Canine distemper virus (CDV) is a highly contagious viral pathogen mainly transmitted by aerosols through respiratory secretions, and responsible for a lethal systemic disease in dogs and other carnivores [15]. Domestic dogs have largely been responsible for introducing CDV to previously unexposed wildlife [16,17]. In Iberian Peninsula, the virus has already affected wild carnivores, being responsible for death or disease of common genet (Genetta genetta) [18], red fox (Vulpes vulpes) [8] and Iberian lynx (Lynx pardinus) [19]. Direct mortality due to canine distemper in wolves was documented in Portugal [20], and several cases have been reported in other parts of Europe (e.g. [21].

In contrast, knowledge on coronaviruses (CCoV) in free-ranging carnivores is very limited. Serological surveys have been providing evidence that some of these species may serve as hosts for this viral pathogen [11]. Nevertheless, CCoV seems to be enzootic worldwide in dogs [22,23], which likely transmit the virus to wild carnivores [11]. In Europe, wolf population have been found positive for this virus in France and Italy, although with prevalence <9 % [11]. Despite the sampling of several Iberian populations of wild carnivores, only a single coronavirus-positive has been reported from a mongoose (Herpestes ichneumon) [[24], [25], [26]].

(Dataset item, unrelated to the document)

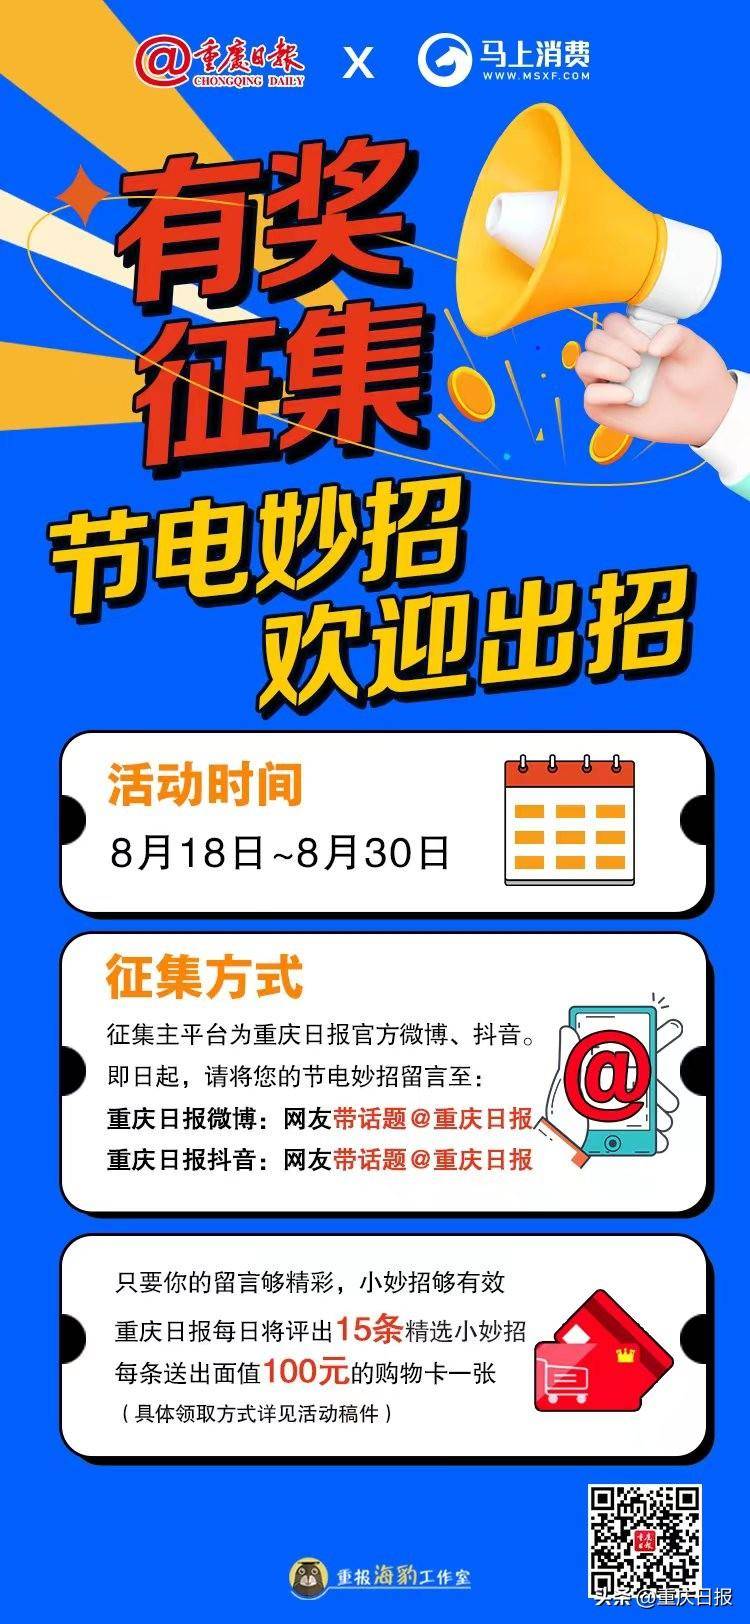 重慶日報的微博，節能行動我蓡與！攜手馬上消費，有獎征集“全民節電金點子”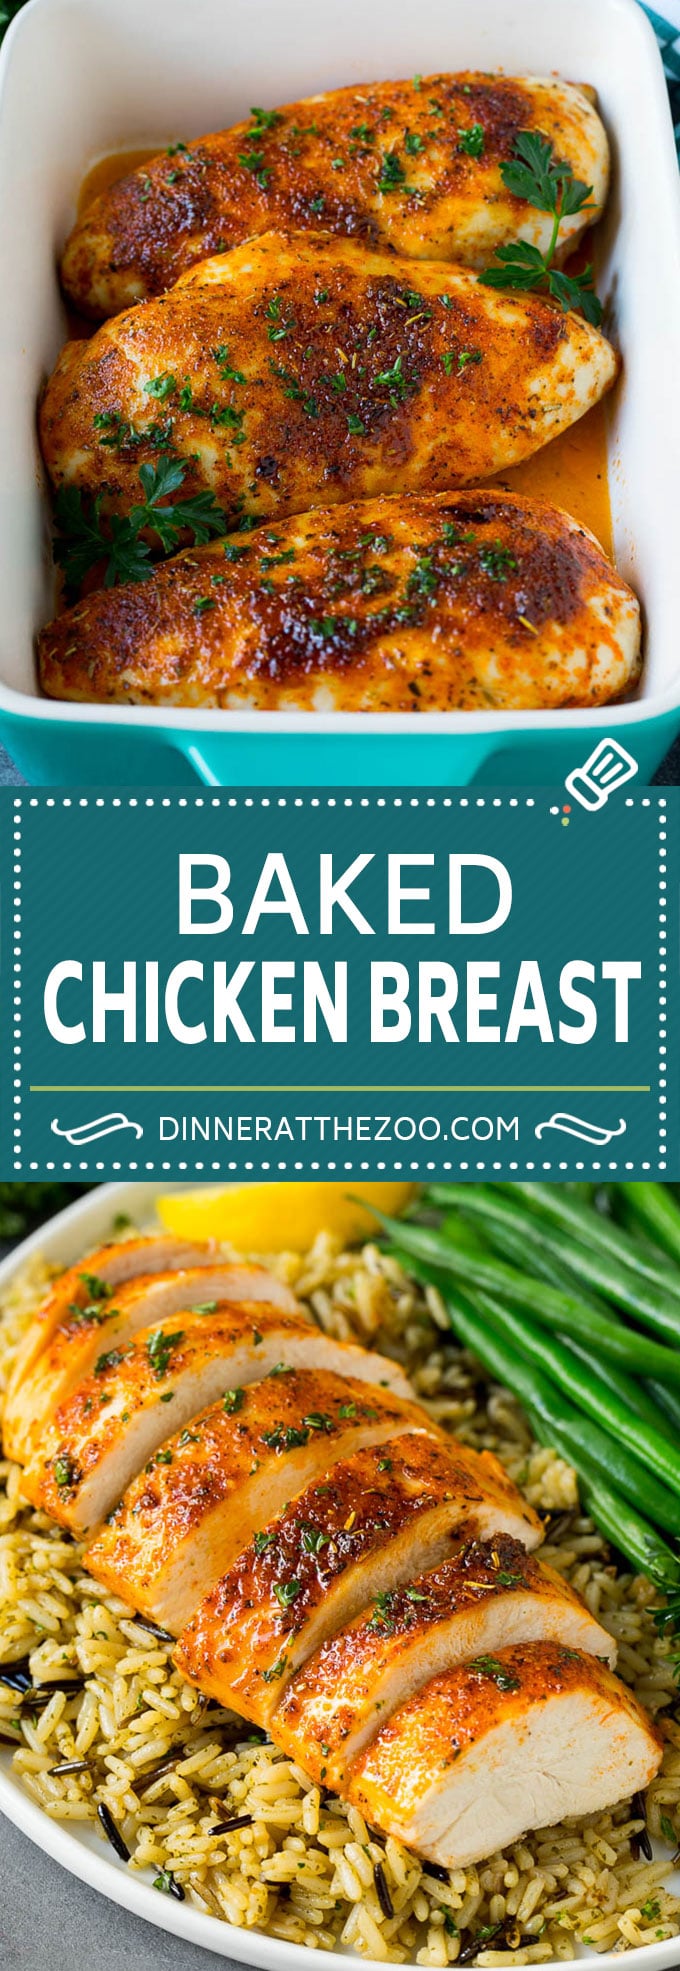 Baked Chicken Breast Recipe #chicken #dinner #dinneratthezoo

Several carnivore species have suffered dramatic declines in Europe during the last two centuries, with human activities leading to fragmented populations and consequently genetic isolation [27,28]. Although infectious diseases are not usually the main factor affecting the survival of these species, virulent pathogens can act as a mortality source and cause epidemics. In fact, small fragmented populations, such as those of Iberian wolves, are thought to become more vulnerable to disease outbreaks [2,29]. Multi-host pathogens, such as CPV, CDV or CCoV, can be maintained in the system through domestic dogs or other reservoir hosts, potentially impairing the viability of smaller more vulnerable wolf populations [30].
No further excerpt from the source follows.